Literally before our eyes, the world has changed beyond recognition. A hundred years ago, a person with black skin was perceived more or less organically except in the United States or Brazil; in Europe, his appearance on the street became a small sensation. Now Africans have not just flooded European cities - they have changed the very appearance of these cities. And how do they feel in Europe and other parts of the world? How has the worldview of Africans changed in their countries?
These issues are usually considered in the historical aspect in the collection of articles " Pax Africana. The Continent and the Diaspora in Search of Themselves " (editor-in-chief A. B. Davidson), published by the HSE Publishing House (2009, 440 pages).
I was most interested (due to the proximity of the topic to my personal memories) in the article by S. V. Mazov, Doctor of Historical Sciences, under the long title "To educate" people with progressive views, sincere friends of the Soviet Union". State policy on Africans studying in the USSR, the first half of the 1960s". It mainly deals with the situation that developed in the city created on the personal initiative of N. S. Khrushchev in 1960. People's Friendship University named after P. Lumumba (UDN) (however, in other universities too). Muscovites, who then lived in the neighborhood of the UDN and often met outwardly friendly black young people, had no idea what ideological battles were unfolding within the walls of the university.
Many African students were satisfied with the quality of education and living conditions in Moscow, but some complained about the excessive ideologization of lectures and seminars. S. V. Mazov quotes in abundance the documents of the KGB and the Ministry of Foreign Affairs, which show how difficult it was to solve the problem of indoctrination of African students. "Not all students from Africa during their years of study in the USSR became "people with progressive views" and "sincere friends of the Soviet Union", - the author of the article claims, - many left our country ...anti-communists, with the conviction that racism exists in the first socialist country."
An important topic is the article by Doctors of Historical Sciences A. B. Davidson and I. I. Filatova "Historical layers of Afrocentrism" - a current in world science that claims that the origins of world culture originate on the African continent. This trend was born and developed in the United States, but has its supporters in many other countries. The authors show that anti-Westernism, which is the core of Afrocentrism , is not such an original phenomenon. In particular, Slavophiles and Russian soil scientists came up with similar ideas a century and a half before the American professor Molefi Keta Asante, the main ideologist of Afrocentrism.
One of the largest articles in the collection - 73 pages-is entitled "What color is the "South African miracle"? The National democratic Revolution and national relations in South Africa at the end of the XX - beginning of the XXI century". The "miracle" is an opportunity for a peaceful transition of power to a democratically elected government and the peaceful transformation of South African society, which is legally divided along racial lines, into a single nation. A miracle has not yet occurred, according to the authors of the article A. B. Davidson and I. P. Filatova.
Several articles deal with the relationship of different ethnic groups in individual African countries. These are the work of Doctor of Historical Sciences G. V. Tsypkin "The racial problem in Ethiopia" and the article of Doctor of Historical Sciences I. V. Krivushin "The Rwandan Genocide: causes, character, significance". The first one is mainly historical in nature; a significant part of it is devoted to the racial oppression of the Ethiopian people by the Italian invaders in the late 1930s. The second one tells about the events of our days, first of all about the genocide of April-June 1994, which claimed about 800 thousand lives. The Rwandan genocide, as the author of the article has shown, was a catalyst for many local social conflicts, which also took an ethnic form.

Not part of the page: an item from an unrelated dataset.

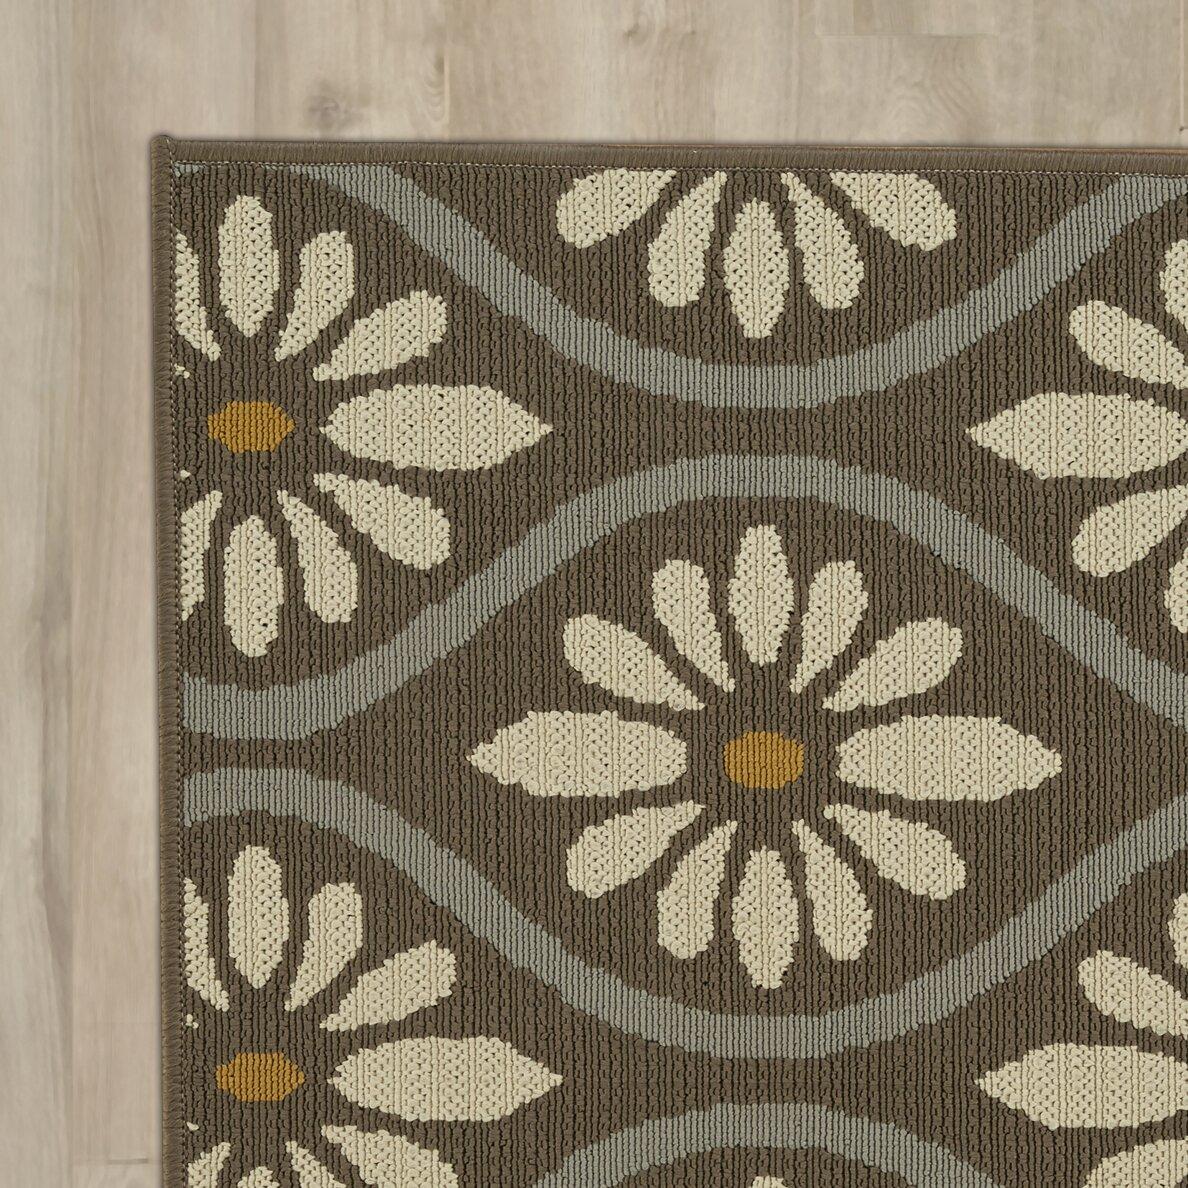 Riley ave remy grey indoor outdoor area rug reviews for Indoor outdoor rugs uk

One of the most fascinating articles to read in the collection is " Meeting Cultures in Tropical Africa in the Colonial Era (towards a problem statement)". Its author, Doctor of Historical Sciences S. Balezin, based on numerous, including rare materials, discovered by him in the archives of France, Germany, Namibia and Tanzania, recreates many episodes of contacts between Europeans and Africans, mainly in the XIX century. The life of Africans during the colonial era was not easy, but it should be recognized that missionaries from Europe laid the foundations for teaching Africans European knowledge in their native languages. In a number of countries, however, already in the XX century, secular educational institutions appeared, providing secondary and even the rudiments of higher education. It is also interesting that there was a certain "interchange" of knowledge - European doctors studied and applied some African medicines.
The problem of relations between Africans and Europeans is also discussed in a short article by L. V. Ivanova, PhD in History, entitled "The Somali Diaspora in Great Britain".
I would not consider the book "Pax Africana" to be a purely scientific publication, as the publisher positions it. The excellent literary language makes this work into a category of popular science literature, which, against the background of the dominance of detective stories and the so-called "mysticism", is now so much needed by the thinking and educated Russian reader.